Taşımayı üstlenen ve bunun için sözleşme imzalayan karşı taraf ile ya arabulucu ile anlaşmak ister ya da dava yolu ile zararının tazminini. Avukatı bu noktada yol göstericidir ve şikayetin ortaya çıkışından davanın sona erişine kadar olan bütün süreci müvekkili adına yönetir.
Bu noktada önemli olan zaman aşımı ve varsa hak düşürücü süreye dikkat etmektir ki süreci yöneten avukatın ilk dikkat edeceği konu da bu iki husustur. Avukat, süreç içinde mahkeme tarafından delillerin sunulması için verilen süreyi takip ederek delillerin bu süre içinde verilmesini de sağlar.
Taşıma hukuku alanında karşınıza çıkabilecek sorunların çözümü için ihtiyacınız olduğu zaman bize ulaşabilirsiniz. Her türlü davanın görülmesi, sürecin yönetimi, uyuşmazlıkların ortadan kaldırılması veya dava açılması gibi konularda hukuki danışmanlık ve avukatlık hizmetimizle yanınızdayız. Konusunda deneyimli ve uzman avukatlarımıza başvurabilirsiniz.
Avukatlık ücreti iki şekilde belirlenebilir;
Taraflar arasında (avukat ve müvekkil arasında) serbest bir şekilde düzenlenebilir. Bunun için avukatlık ücret sözleşmesi imzalanır. Bu tür sözleşmelerle belirlenen ücrette de yasal sınırlamalar bulunmaktadır. Serbest şekilde düzenlenen ücret sözleşmesiyle belirlenecek ücret, Asgari Ücret Tarifesinden az, dava değerinin yüzde 25’ini aşamaz.

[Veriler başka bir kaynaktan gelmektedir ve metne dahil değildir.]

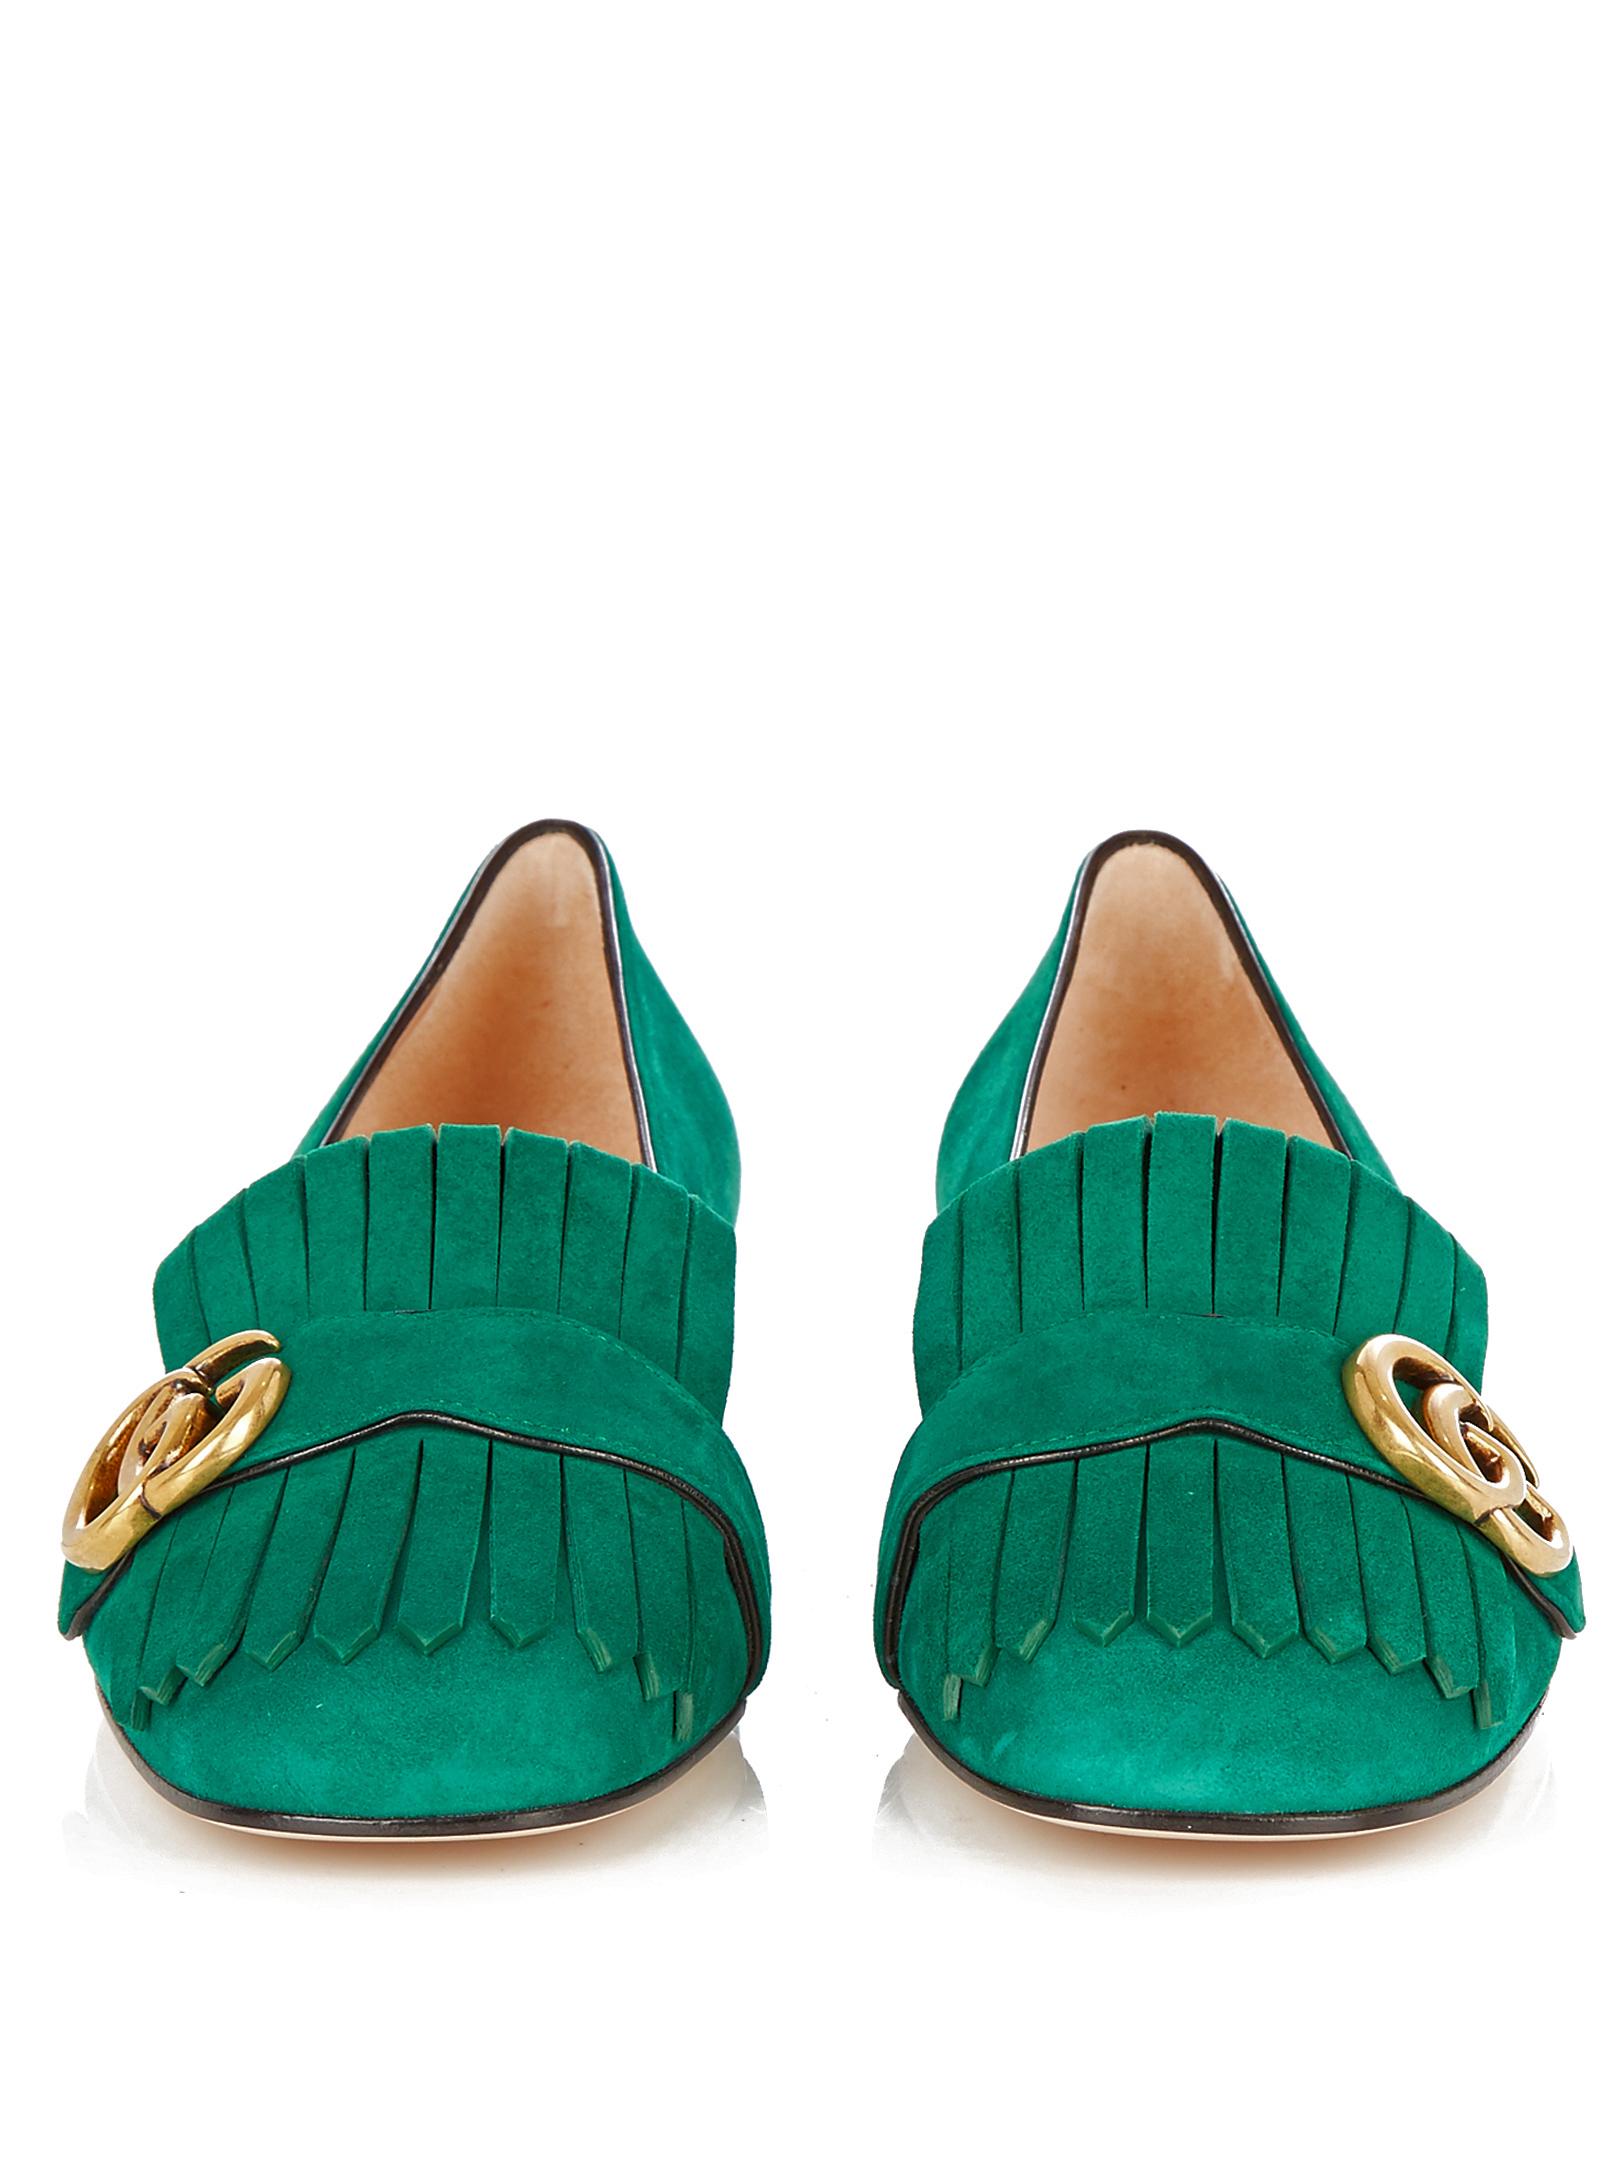 Gucci Marmont Fringed Suede Loafers in Lyst

Avukatlık ücretinin kararlaştırılmamış olduğu veya taraflar arasında yazılı ücret sözleşmesinin bulunmadığı yahut ücret sözleşmesinin belirgin olmadığı veya tartışmalı olduğu veya ücret sözleşmesinin ücrete ilişkin hükmünün geçersiz sayıldığı hallerde; değeri para ile ölçülebilen dava ve işlerde asgari ücret tarifelerinin altında olmamak koşuluyla ücret itirazlarını incelemeye yetkili merci tarafından davanın kazanılan bölümü için avukatın emeğine göre ilâmın kesinleştiği tarihteki dava konusu değerinin yüzde onu ile yüzde yirmisi arasındaki bir miktar avukatlık ücreti olarak belirlenir. Değeri para ile ölçülemeyen dava ve işlerde ise avukatlık asgari ücret tarifesi uygulanır.
Taşıma ve lojistik hukukunda çoğunlukla davacı ile avukat arasındaki göre avukatın alacağı ücret belirlenir.